Print the listing below verbatim, passing over each picture.

=== DATA EXTRACT ===
* * * *

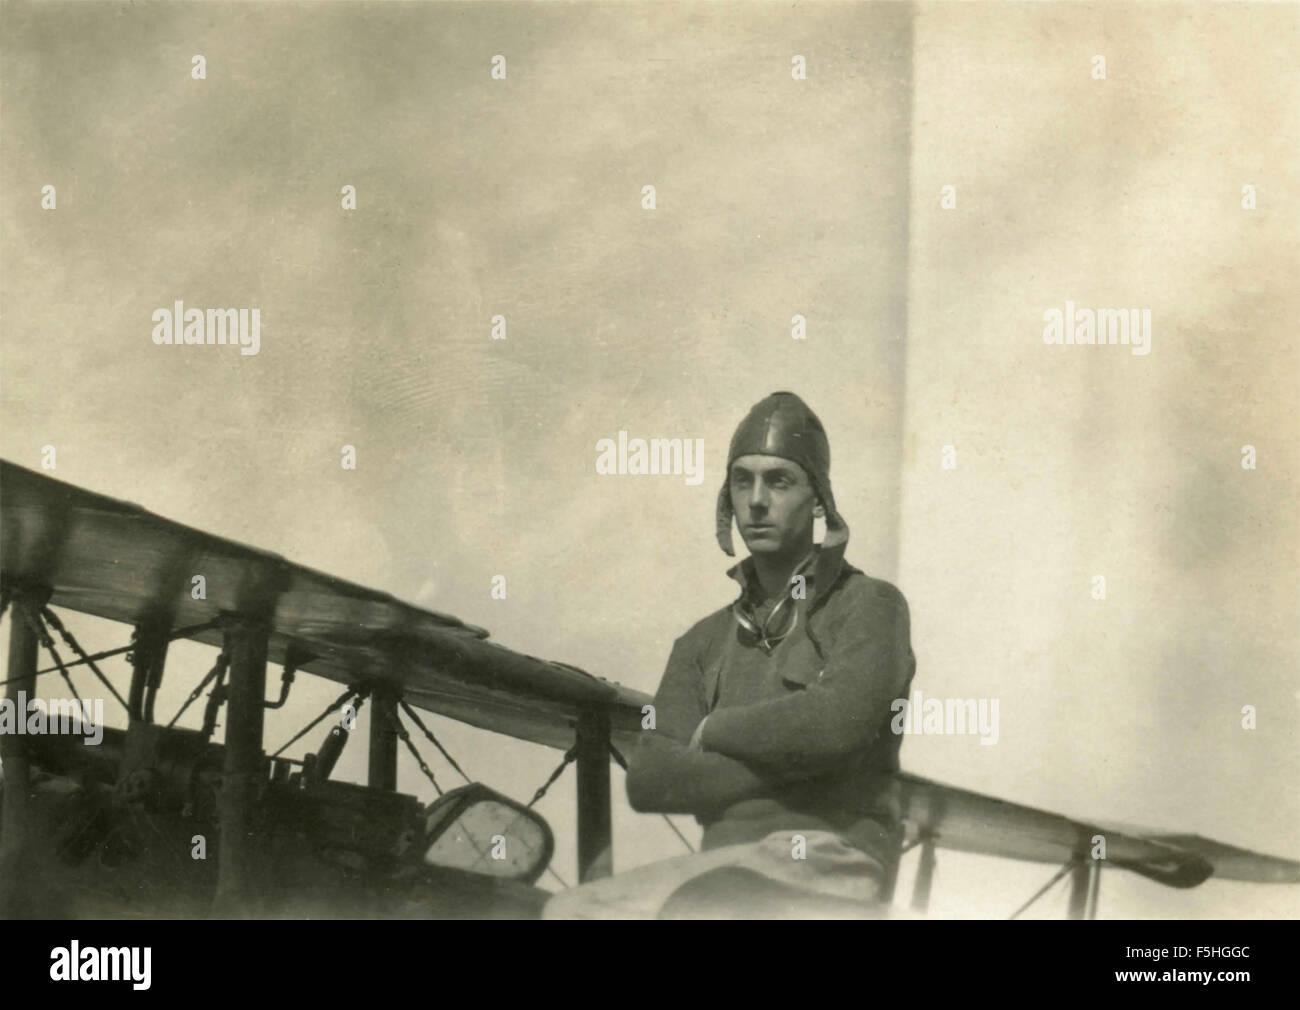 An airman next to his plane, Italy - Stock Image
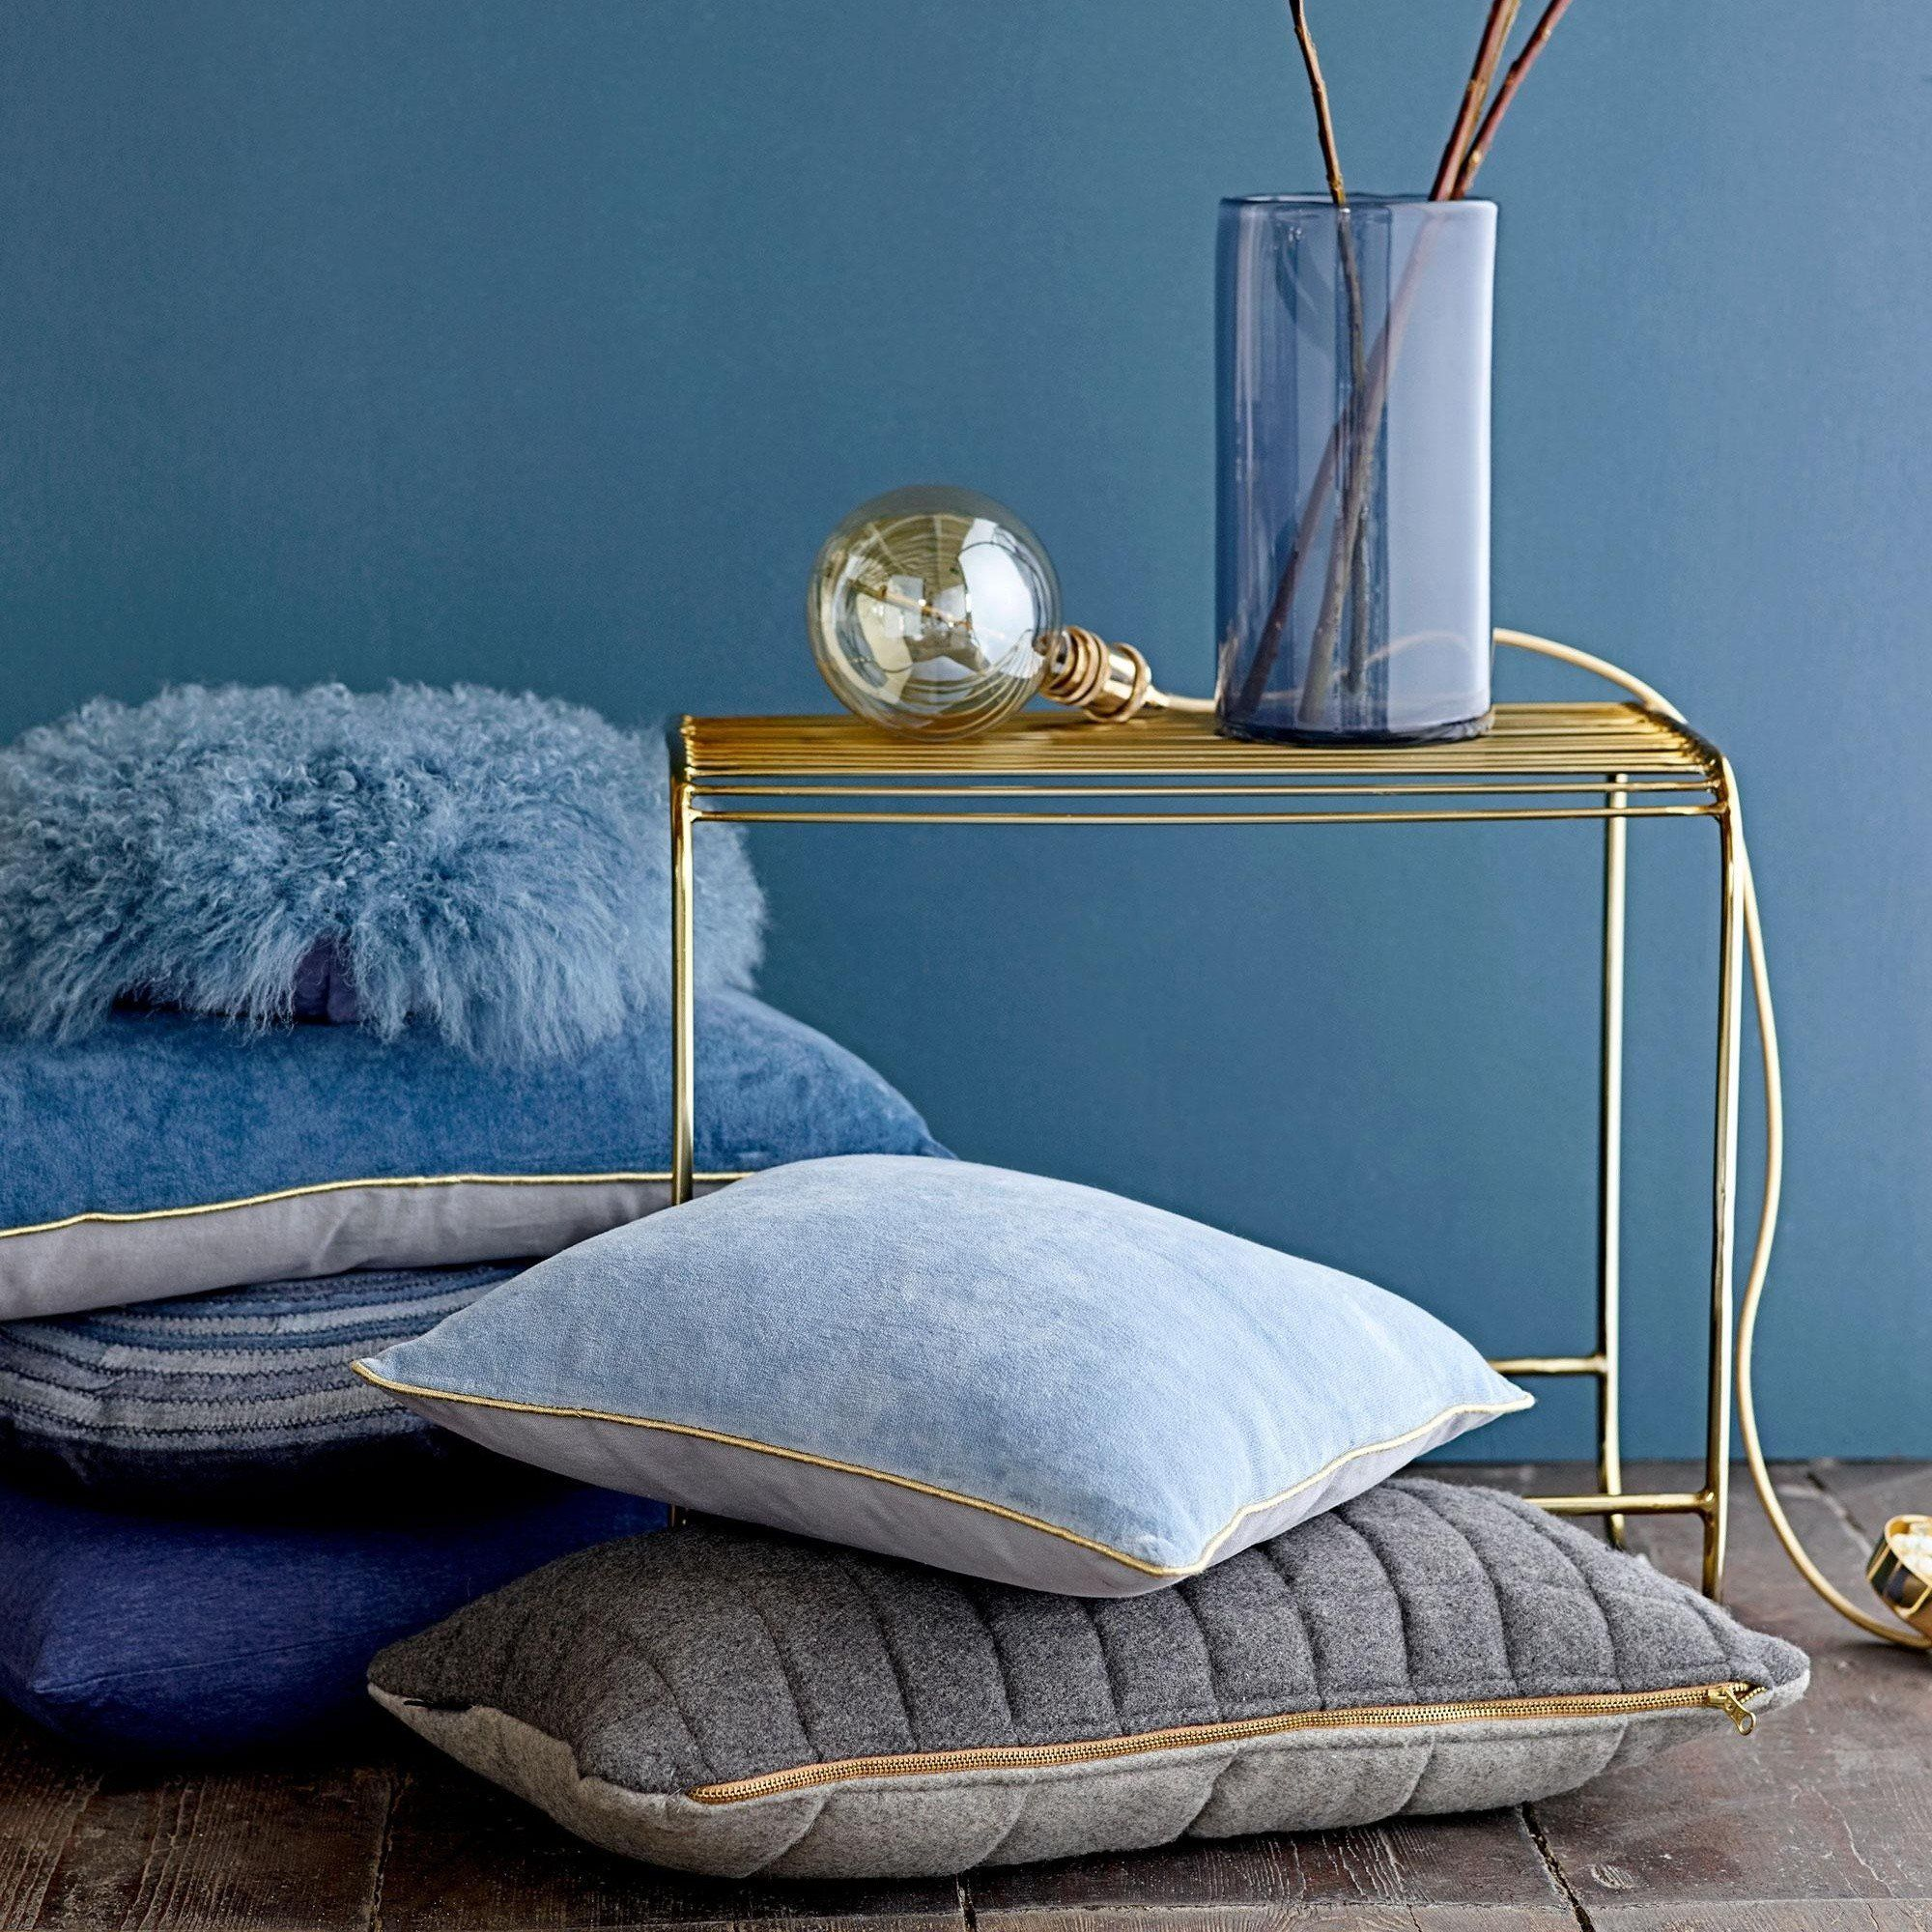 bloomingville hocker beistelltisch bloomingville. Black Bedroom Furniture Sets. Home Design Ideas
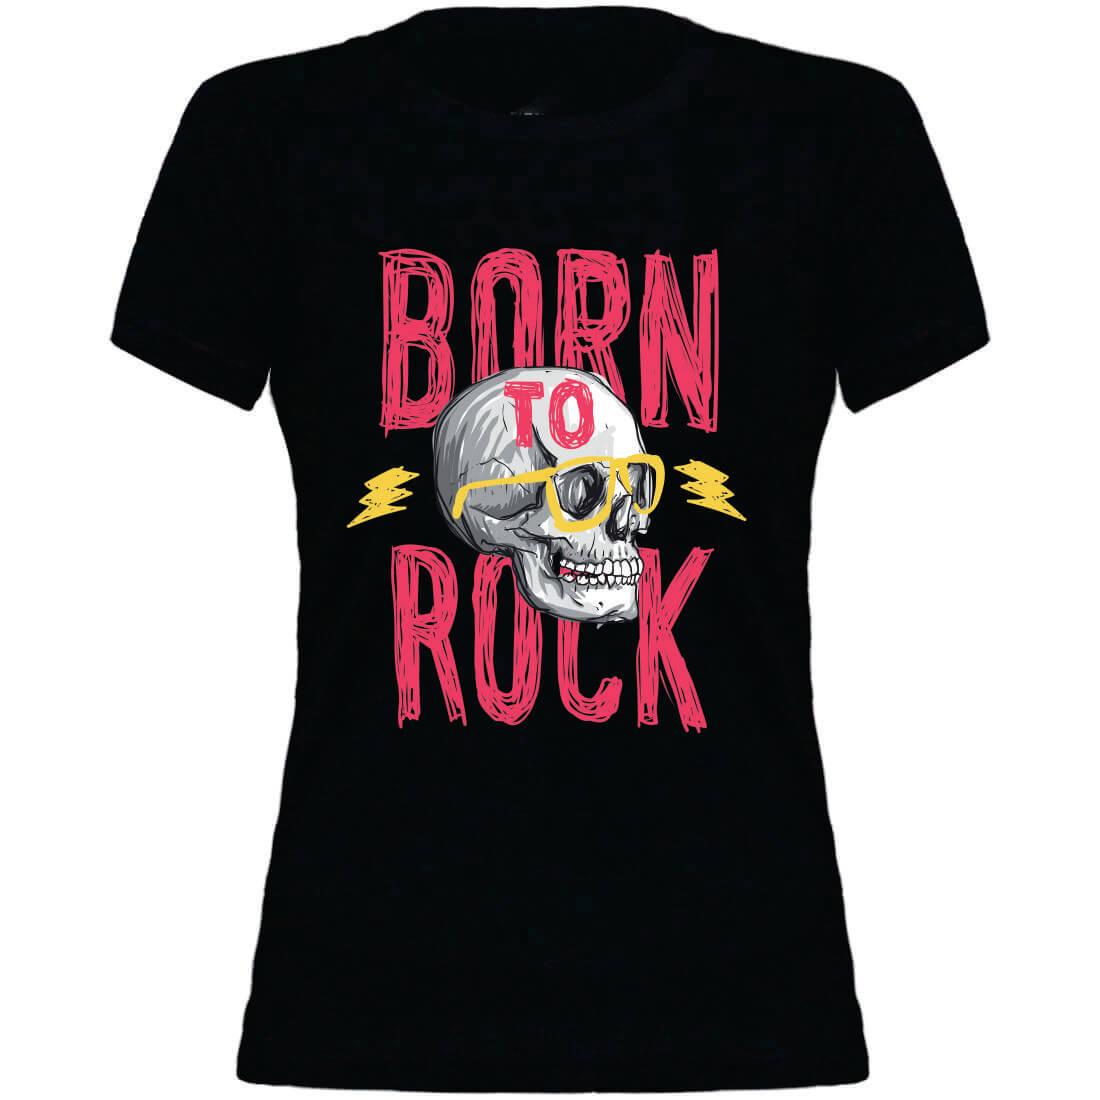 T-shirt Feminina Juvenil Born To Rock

* * * *

=== WRITTEN SOLUTION ===
 An airman next to his plane, Italy - Stock Image
 bloomingville hocker beistelltisch bloomingville. Black Bedroom Furniture Sets. Home Design Ideas
 T-shirt Feminina Juvenil Born To Rock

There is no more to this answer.